Centralized registry for managing Systems Under Test (SUTs). Register implementations with unique identifiers and retrieve them for execution.

Store.register('my-sut', {
  name: 'My Implementation',
  version: '1.0.0',
  execute: (input) => { /* implementation */ }
});

const sut = Store.get('my-sut');

Case

Reusable test case infrastructure with lifecycle management. Each case includes setup, execution, and teardown phases with automatic resource cleanup.

const testCase = new Case({
  name: 'test-case-1',
  setup: () => ({ data: [1, 2, 3] }),
  teardown: (result) => console.log('Cleanup:', result)
});

Execute

Deterministic test execution engine. Runs SUTs against test cases and captures snapshots of inputs, outputs, and execution metadata.
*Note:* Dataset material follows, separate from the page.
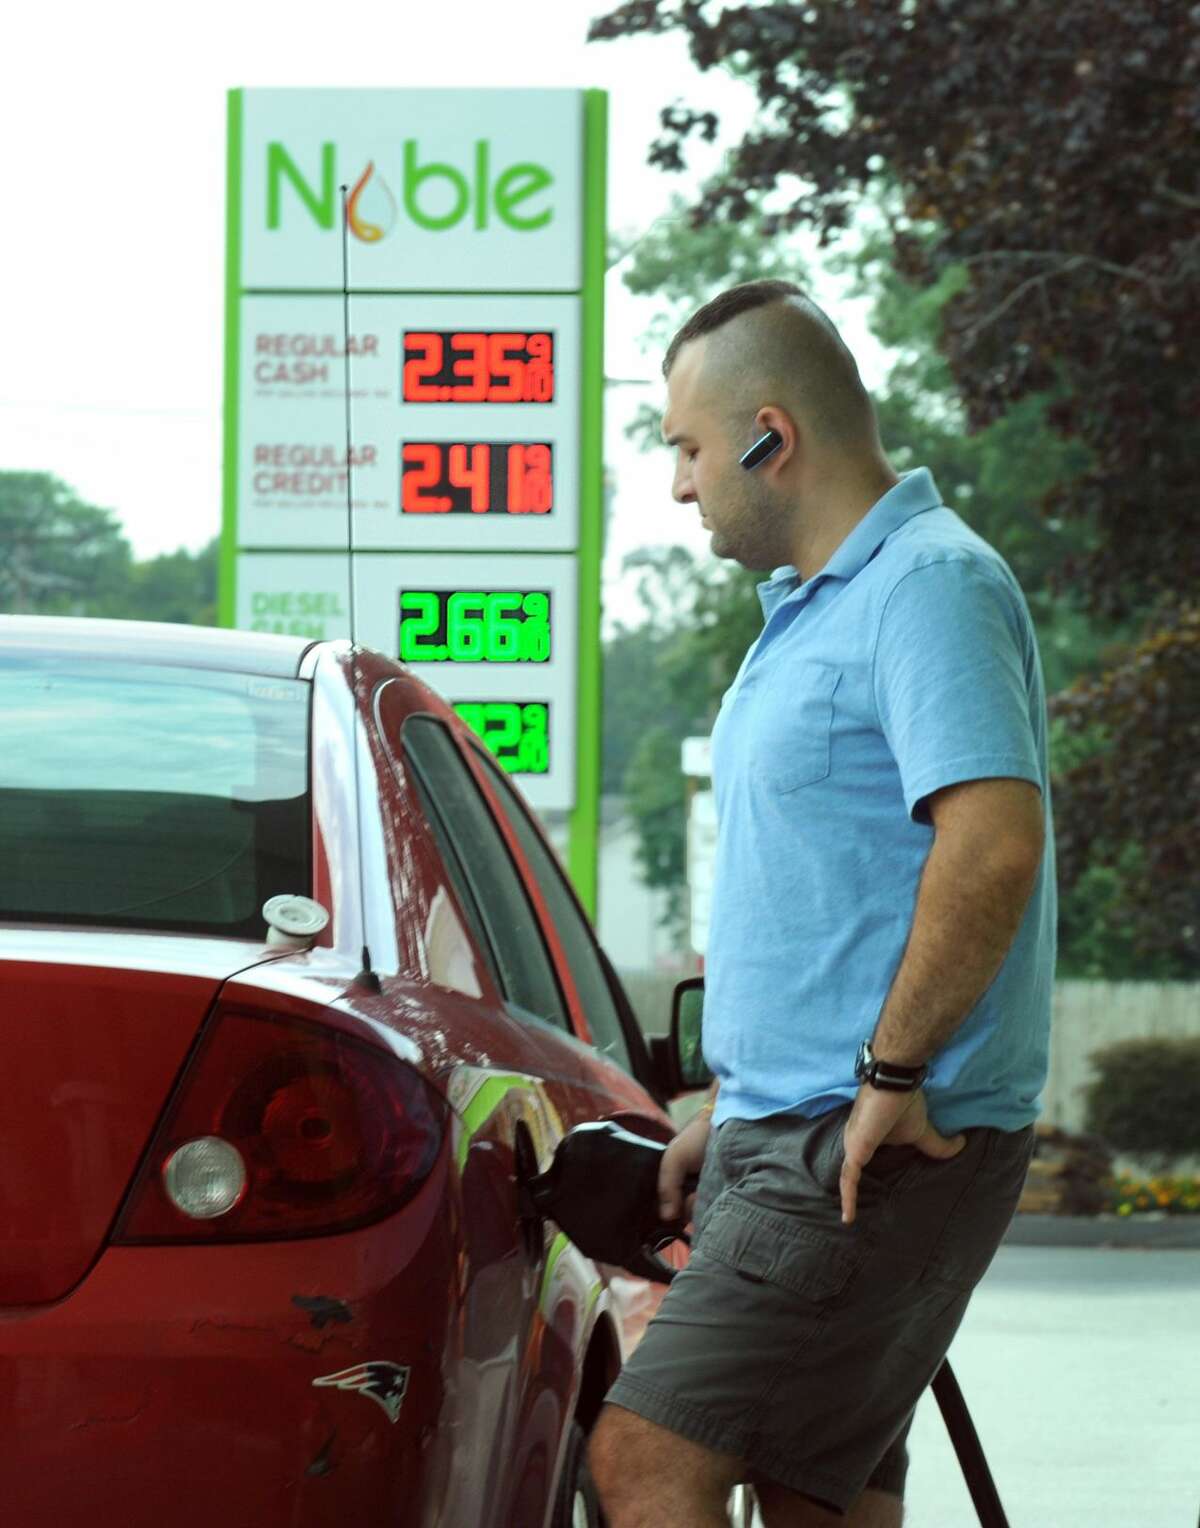 Come this fall, the price of gasoline could fall as much as 25 cents a gallon. AAA Northeast forecasts that the majority of motorists in Connecticut and across the Northeast and Mid-Atlantic region will likely see potential savings of up to 25 cents a gallon this fall compared with this summer’s prices.

const results = Execute.run('my-sut', [testCase]);
const snapshot = Execute.capture('my-sut', testCase);

Aggregate

Statistical aggregation utilities for analyzing test results across multiple runs. Compute mean, median, mode, min, max, and standard deviation.

const stats = Aggregate.mean(results);
const median = Aggregate.median(results);
const deviation = Aggregate.stdDev(results);

Evaluate

Claim-driven validation framework. Define custom predicates to validate test results against expected properties and behaviors.

const claims = Evaluate.claims(results, {
  'performance': (r) => r.duration < 100,
  'correctness': (r) => r.output === expected,
  'memory-safe': (r) => r.memoryUsage < 1024 * 1024
});

Render

Multi-format report generation. Output results to console, Markdown files, or JSON for documentation and CI/CD integration.

Render.console(results);
Render.markdown(results, './report.md');
Render.json(results, './report.json');

Monitor

Built-in resource tracking for performance profiling. Monitor memory usage and CPU consumption during test execution.

const monitor = new Monitor();
monitor.start();
// ... run tests ...
const metrics = monitor.stop();
console.log('Memory used:', metrics.memoryUsage);

API Reference

Detailed type definitions and API documentation are available in the source files:

  • src/core/ - Core types and interfaces
  • src/store.ts - SUT registry API
  • src/case.ts - Test case API
  • src/execute.ts - Execution engine API
  • src/aggregate.ts - Statistical functions
  • src/evaluate.ts - Claim evaluation API
  • src/render.ts - Report generation API
  • src/monitor.ts - Resource monitoring API

License

MIT


PPEF - Making experiments reproducible, evaluable, and documentable.